Now would be a lot easier to deal with if it was not, just like Aziz Ansari, a human swastika pizza. Last year, Ansari was accused of sexual misconduct by a woman who had an appointment with her, causing a violent but somewhat confusing reaction against the comedian. This was one of the most ambiguous moments of # MeToo. The accusations of this woman, published anonymously on a now-defunct website, sounded like some kind of dubious gardening for some and predation for others. It's impossible to talk about Now not to mention the scandal, and indeed, Ansari makes his brush with the culture of indignation the backbone of the decor, providing scaffolding for all its most important moments, the good and the bad.

It starts badly. Ansari opens the show with an anecdote about being confused with comedian Hasan Minhaj, who culminates in the fact that he jokes that the scandal of sexual misconduct had in fact been too that of Minhaj. Then the camera takes all his face and his voice goes from Spongebob squealing to a serious register with more fries than a dinner hosted by Paula Dean. He whispers how badly he feels and tells the story of a fan saying that Ansari's situation had made them rethink every date they had before. He hopes that means he helps people. Applause. It's a better attempt at #MeToo's redemption arc than Louis CK, who, like his genitals, tends to appear without public consent and without excuses. It's better than Charlie Rose's speech for a TV show where he interviews other men accused of sexual misconduct. Boy is this low bar.

Emma Gray Ellis covers the same, trolls and other elements of the Internet culture for WIRED.

The best elements concern performative awakening, which Ansari was both a beneficiary and a victim. He discusses the anxieties, the seriousness and the arrogance of the big, progressive white contest for Instagram that other white progressives love so much, that even I, alone in my office and still handing over this joke to Hasan Minaj I laughed loudly. His sending of people who browse old tweets, movies and TV series looking for inevitable signs of moral impurity is just as keen. Ansari understands public opinion that his career will live and die inside – his luck, his spirit, his selfish cruelty.

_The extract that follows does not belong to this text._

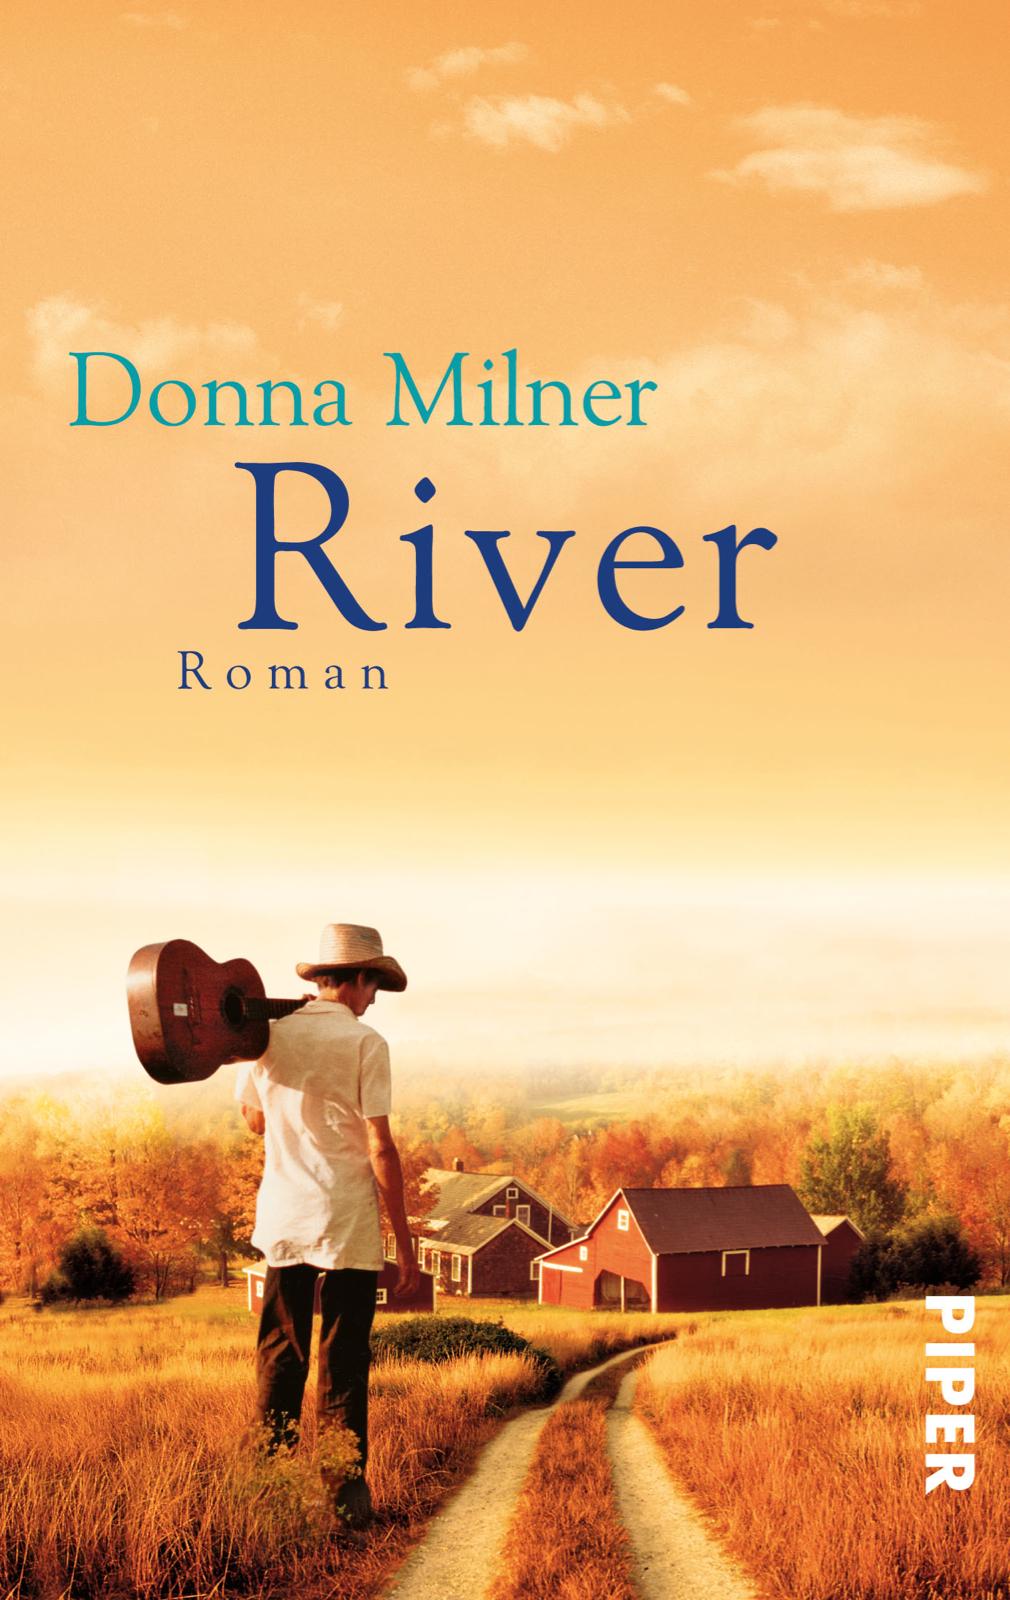 river_donna_milner

He does not understand the social movements that give meaning to this maelstrom, not with regard to their own scandal. He remains long on the legacy of R. Kelly and Michael Jackson. Above all, he speaks of the public's luck that the proof of their allegiance to these fallen characters has no public value. (Ansari talked about Kelly on all of his specials.) He talks about the public interest in documentaries about the alleged victims of Kelly and Jackson as if this interest was frightening. He talks about the annoyance of wanting to play Michael Jackson at weddings but fearing to be judged. It does not mention #MeToo.

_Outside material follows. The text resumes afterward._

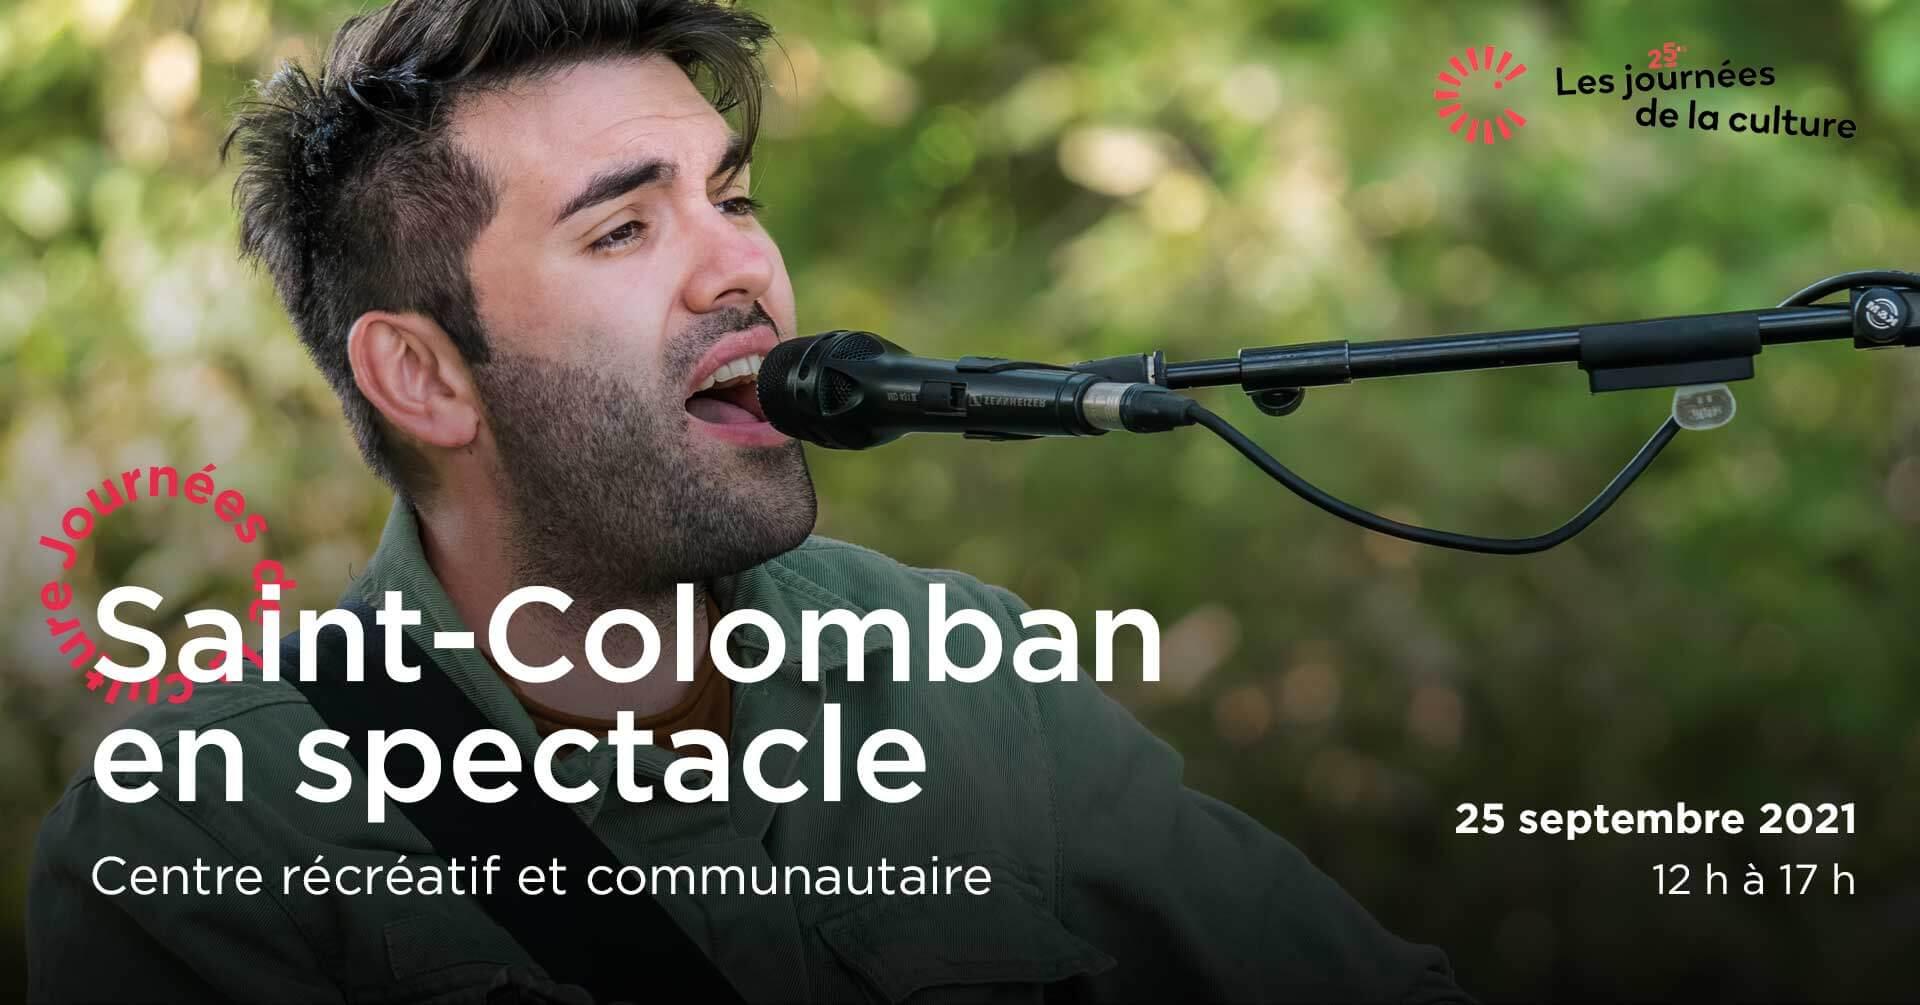 Saint-Colomban en spectacle

It is impossible to ignore the fact that he speaks for himself, how unfair it is that his past and his private life are subject to public scrutiny, and that it is terrible for people to intervene. without knowing the facts. But the impression that he gives is less a clever implication and more an unthinking escape. When Ansari reminds us of her old jokes by R. Kelly, it is not a question of thinking about Kelly's scandal or the question of art versus artist. It is to wonder if these jokes have aged badly. That his comedy and him seem worse. For Ansari, the stakes of the scandal are always and only personal – an argument that raises so effectively when embarrassing the audience in a bit of the swastika. Having the opportunity to apply these lessons to himself, he slips through his fingers like a piece of pepperoni.

At the end of the set, after a few distractions about his girlfriend, the gender disparities in birth control, and the terrible ways we treat our parents, Ansari returns to his scandal and his soft, low voice. He says that he is now grateful to the public and that when his career was at its lowest, he felt like he was dying. He invites the viewer to see him reborn. We do not know who benefits most from this rebirth: Ansari or his audience.